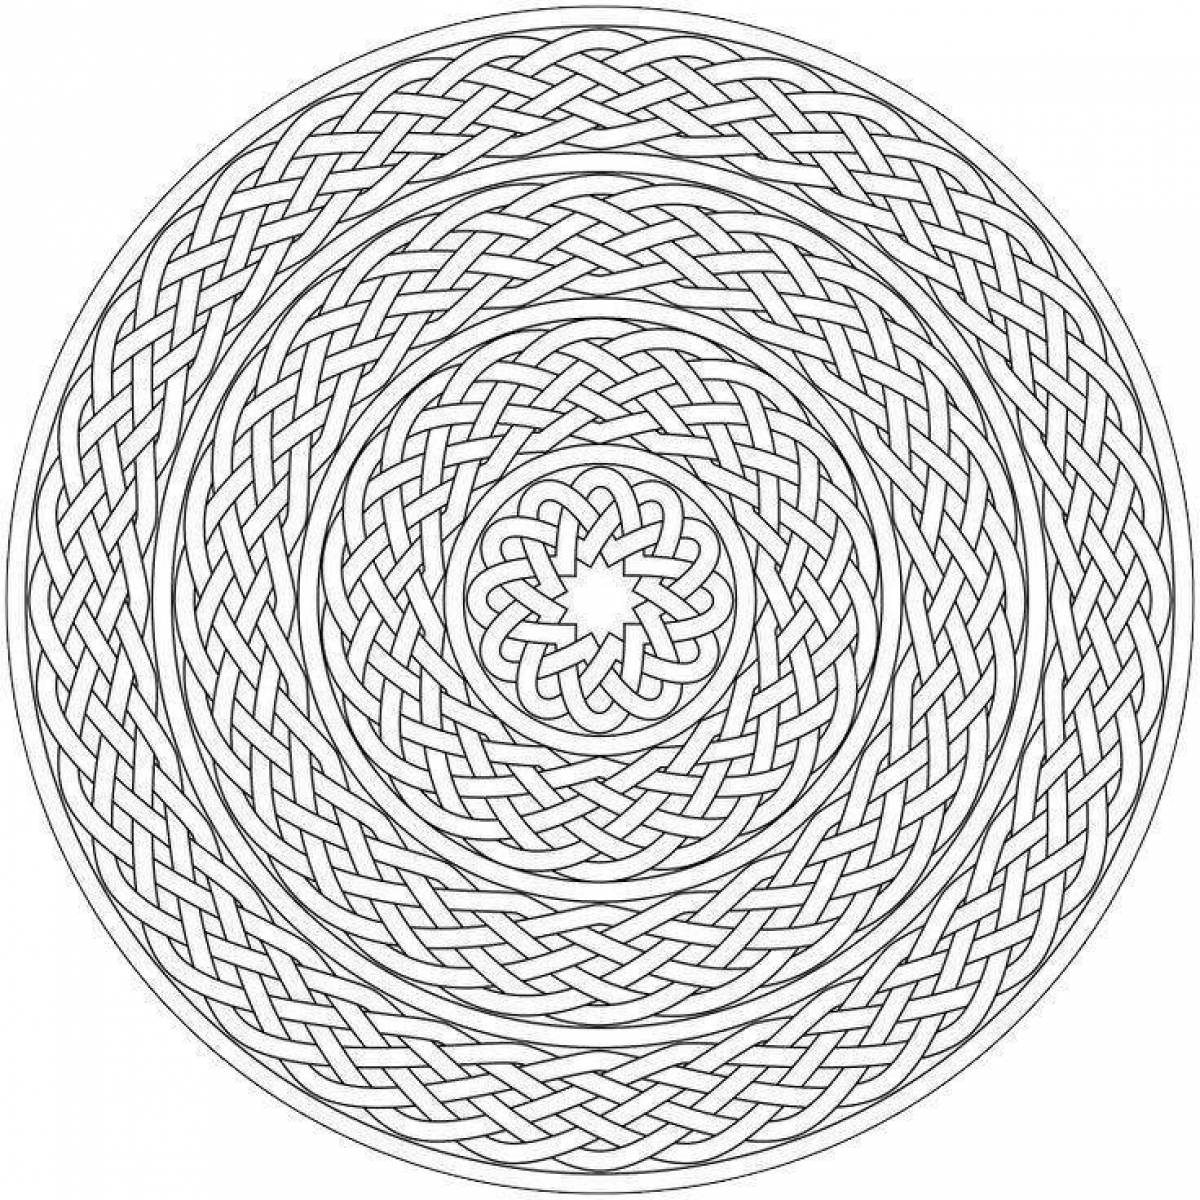 Coloring spiral pattern
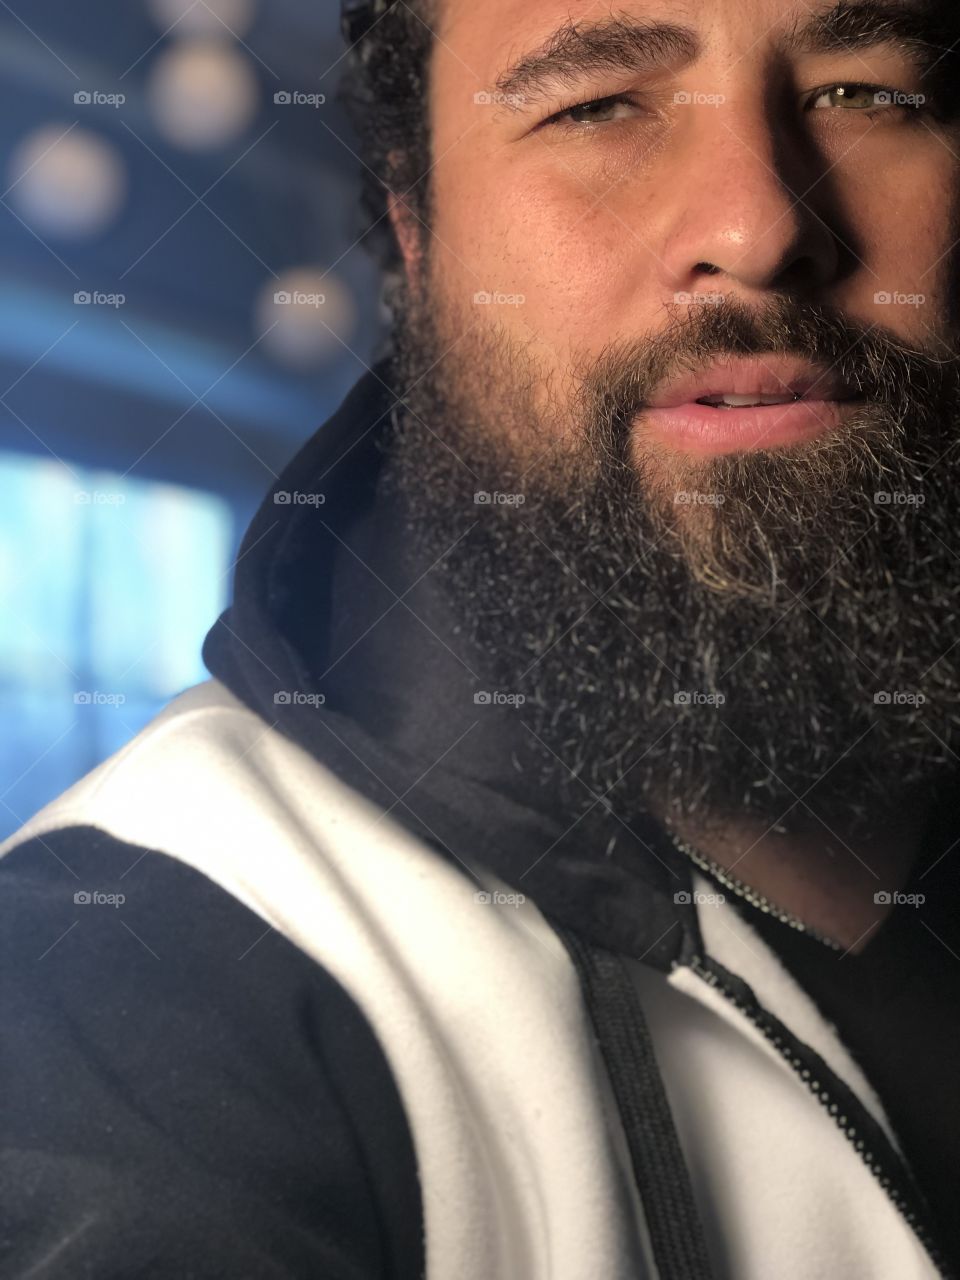 Man beard concerned 
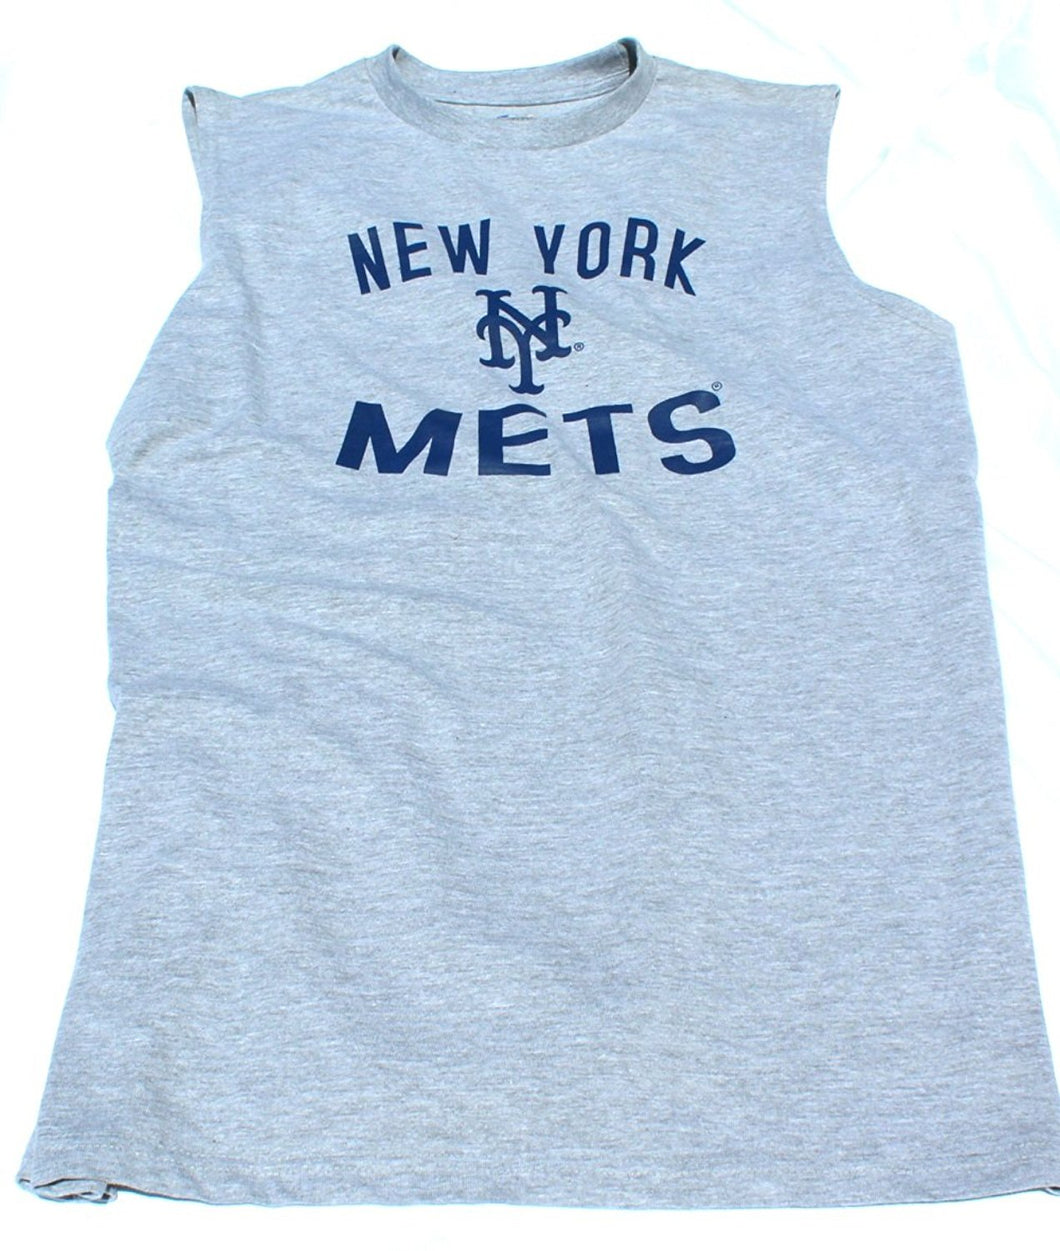 Mens Sleeveless Tee-Shirt,New York Mets Size LT
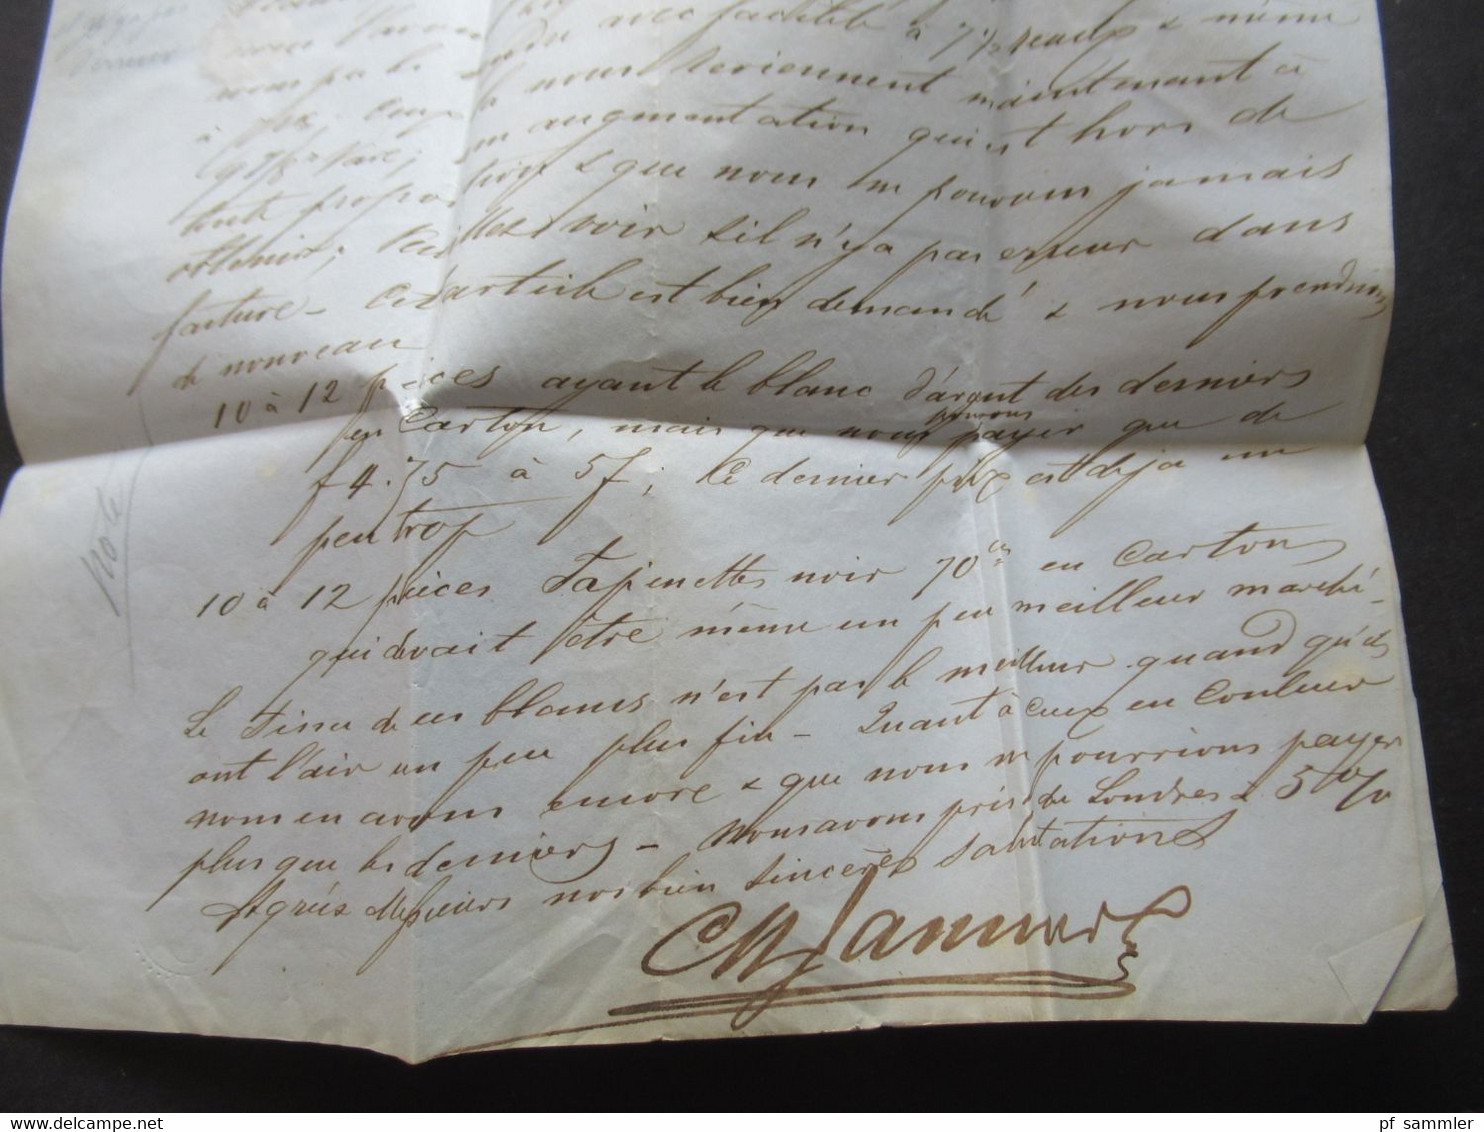 USA / Cuba Havana Forwarded Letter / Shippost 22.2.1851 Schiffspost roter Ra 2 Colonies Faltbrief mit Inhalt nach Paris
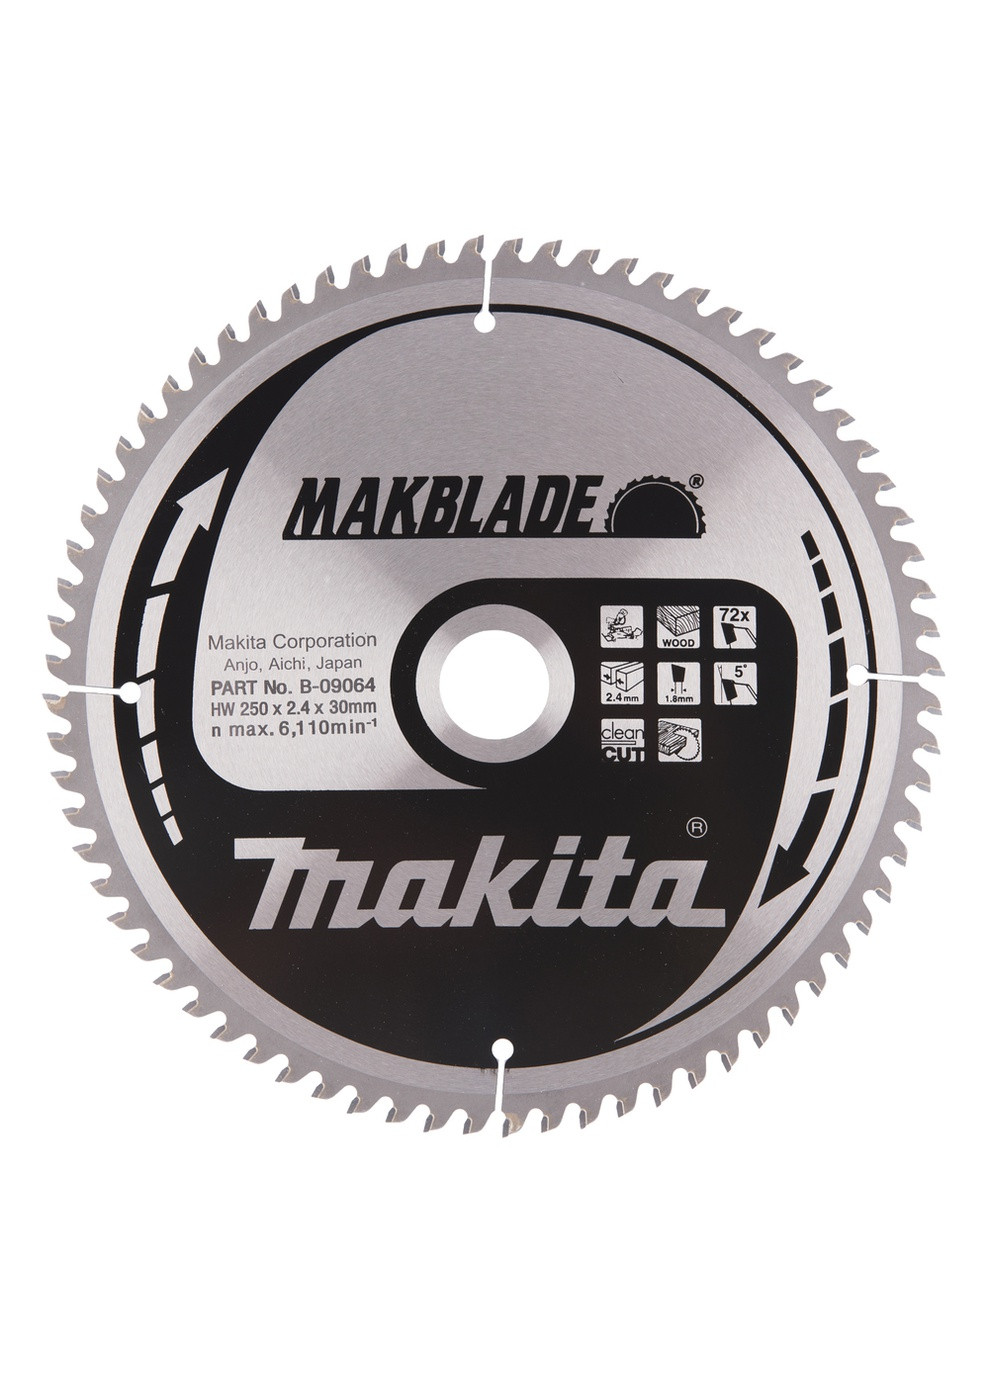 Пильный диск MAKBlade B09064 (250x30 мм, 72 зубьев) по дереву (6488) Makita (267819645)

> **What to do**:
Print all entries exactly. The images do not belong in the copy.

> **The completed task**:
 Coloring spiral pattern
 Man beard concerned 
 Mens Sleeveless Tee-Shirt,New York Mets Size LT
 USA / Cuba Havana Forwarded Letter / Shippost 22.2.1851 Schiffspost roter Ra 2 Colonies Faltbrief mit Inhalt nach Paris
 Пильный диск MAKBlade B09064 (250x30 мм, 72 зубьев) по дереву (6488) Makita (267819645)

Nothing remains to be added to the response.